顏語諾終於抬眼,看了夏夢半晌,最後,突然笑了。沒錯,她笑了,搖了搖頭。
車子開得很遠,夏夢還在想著,“顏語諾最後那個表情是什麽意思呢?”
“巴爾曼之死。”
“什麽?”
“一幅名畫。那幅畫裏瀕死的人不是哭泣的,更不是死寂的。瀕死的人,是笑著的。糟了,顏語諾可能要想不開。”
夏夢和肖城對視一眼,攔車想跟上去,可惜,因記者圍堵,導致交通癱瘓,根本攔不到車。隻能走到背街叫車,可這一來就和前車拉開距離,好在夏夢從之前的資料裏找到了顏語諾的住處。她住在成安公寓,屬於高檔公寓小區,私密性極好。
隻是到了小區門口,剛才的車子停在外麵。秘書張望著不知在想什麽。
“怎麽了?”
看是夏夢,秘書歎了口氣,“這小區不讓外來車進,顏小姐不讓我送她上去,就走了,但她有點奇怪。”
“怎麽奇怪?”
那秘書皺眉,“我總覺得顏小姐的狀態不對,說不上來,她剛才說謝謝我,但我不知道謝我什麽,我不過才見她幾次,幫她買過幾杯咖啡,對了,她還送了我一樣東西。”
秘書拿出來,竟然是一對名牌耳環,“這是之前老板送她的,我有次見了誇過這耳環好看,她應該是記得了,說她以後用不到了,我要不嫌棄就給我了,這耳環十幾萬呢,我當時都嚇住了,可她就塞給我了。”
夏夢心裏一沉,不好的預感越來越強烈,那秘書也覺得顏語諾剛才的樣子不正常,“夏小姐,你說顏小姐不會出什麽事吧。”
夏夢現在不想猜測,隻想確認,要進去卻被保安攔住,說沒有門卡是不允許進的,去誰家要他們通報才行。
“1509的顏小姐,就說夏記者想見她。”
保安聯係了可沒人接,按理來說顏語諾應該進家門了,又等了一會還是沒人接。
夏夢詢問著秘書,“有顏小姐的電話嗎?”
“有,”
“打給她。”
秘書看夏夢和肖城的神態也覺得可能要出事,趕緊撥電話,可這才發現顏語諾的手機落在了車上根本沒拿。
“不等了,報警吧。”夏夢皺眉。
“啊?可顏小姐是名人,這樣不好吧,萬一她隻是想一個人靜一靜呢。”
秘書拿不定主意。
夏夢眼神極冷,“我讓你報警。”
說著不管那麽多了,推開保安就和肖城硬闖過去。保安急了,在後麵追。
然而夏夢動作極快的進電梯,喊著肖城,後者反應很快,把門口的保安推出去,馬上關電梯門動作幹淨利落。兩人大喘著氣,夏夢沒好氣的,“剛才多危險,要是電梯夾到手,你這畫家就廢了。”

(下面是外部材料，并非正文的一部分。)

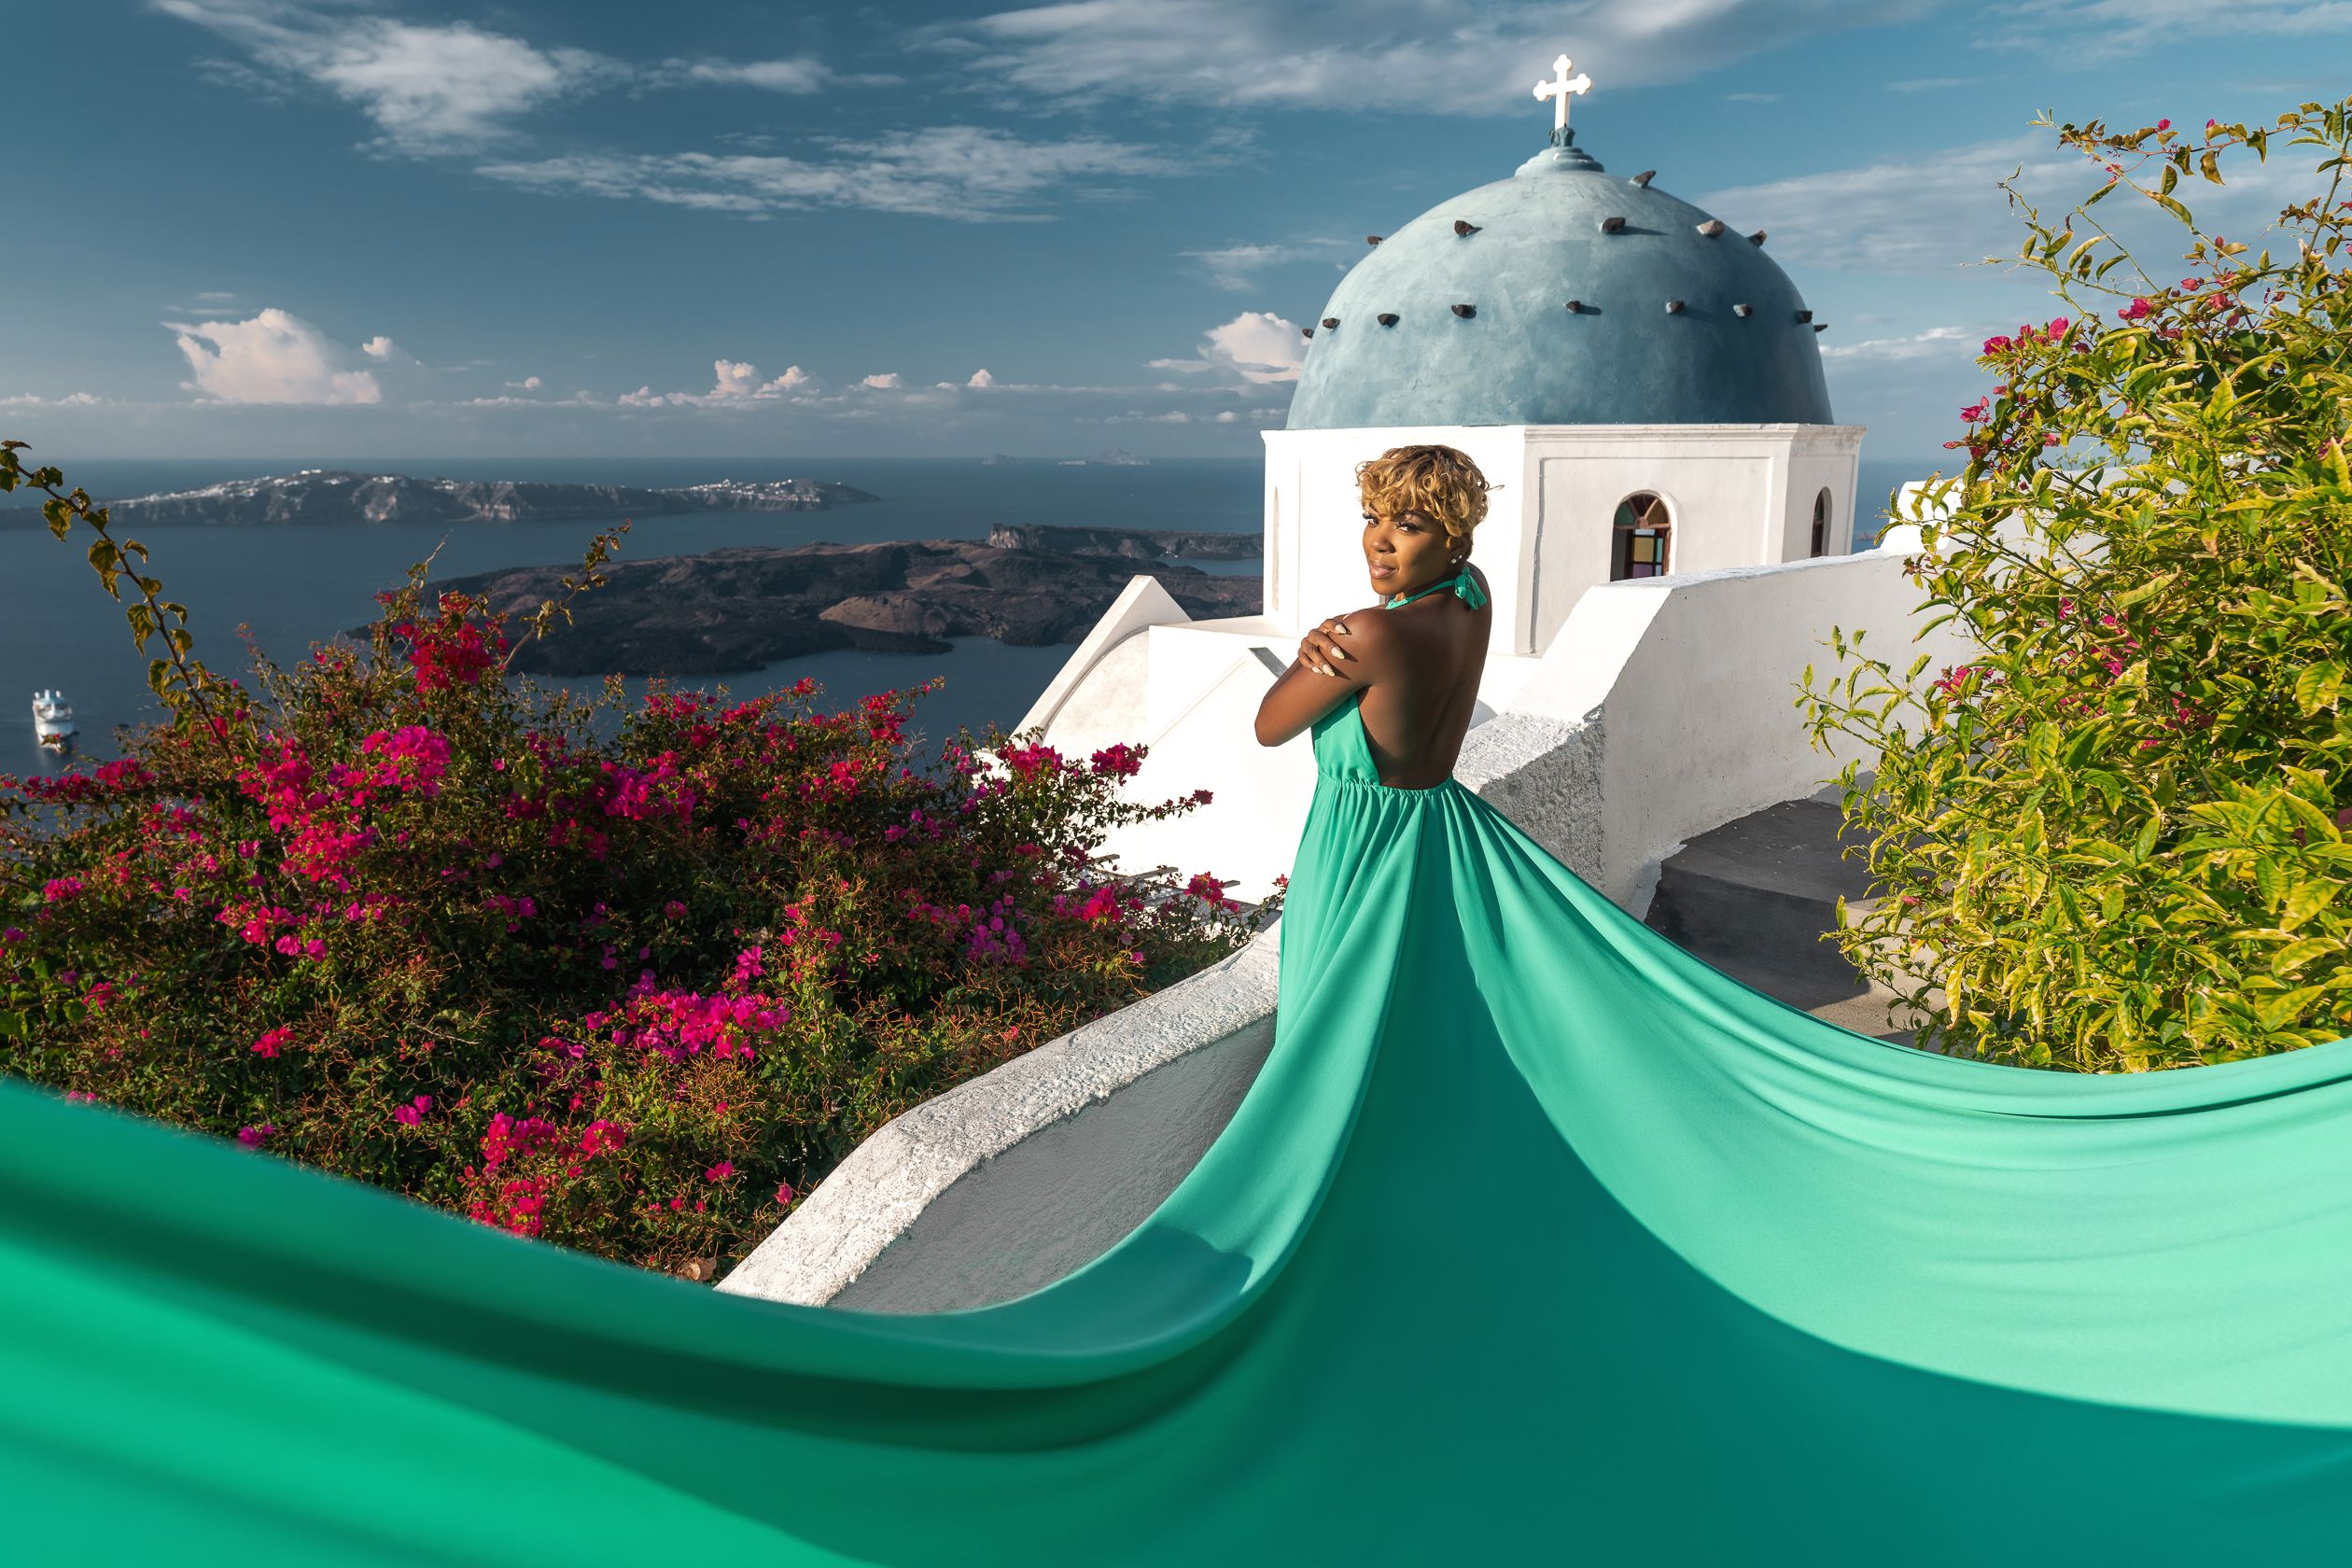 Photoshoot with a green flying dress in Imerovigli, Greece

肖城想笑,卻又覺得此時氣氛不適合開玩笑,兩人快速來到十五樓,門是鎖著的,還沒等想辦法,兩個保安就乘另一部電梯上來,“我看你倆往哪跑,就算多緊急的情況,也不能擅闖,這是我們小區的規矩。”
“可現在業主可能有生命危險。”
“那你們也要先和業主聯係。”
這保安太上綱上線了,然而在門口四個人還沒等爭執出高下,一個保安的對講機就響了,清晰地聽到有聲音急促的傳來,“頂層,頂層有人要跳樓。”
夏夢心一沉。
那兩個保安也驚了,一邊喊著人報警叫消防隊,一邊朝頂樓去,也沒功夫管夏夢二人了。
夏夢和肖城驚慌的跟著上電梯去頂樓。
其實頂樓天台是不對外開放的,隻是最近在維修防水,所以門沒關,還有梯子在那,這就留下了很大的物業責任,跑上來就聽到熟悉的絕望的聲音對著保安說別過來。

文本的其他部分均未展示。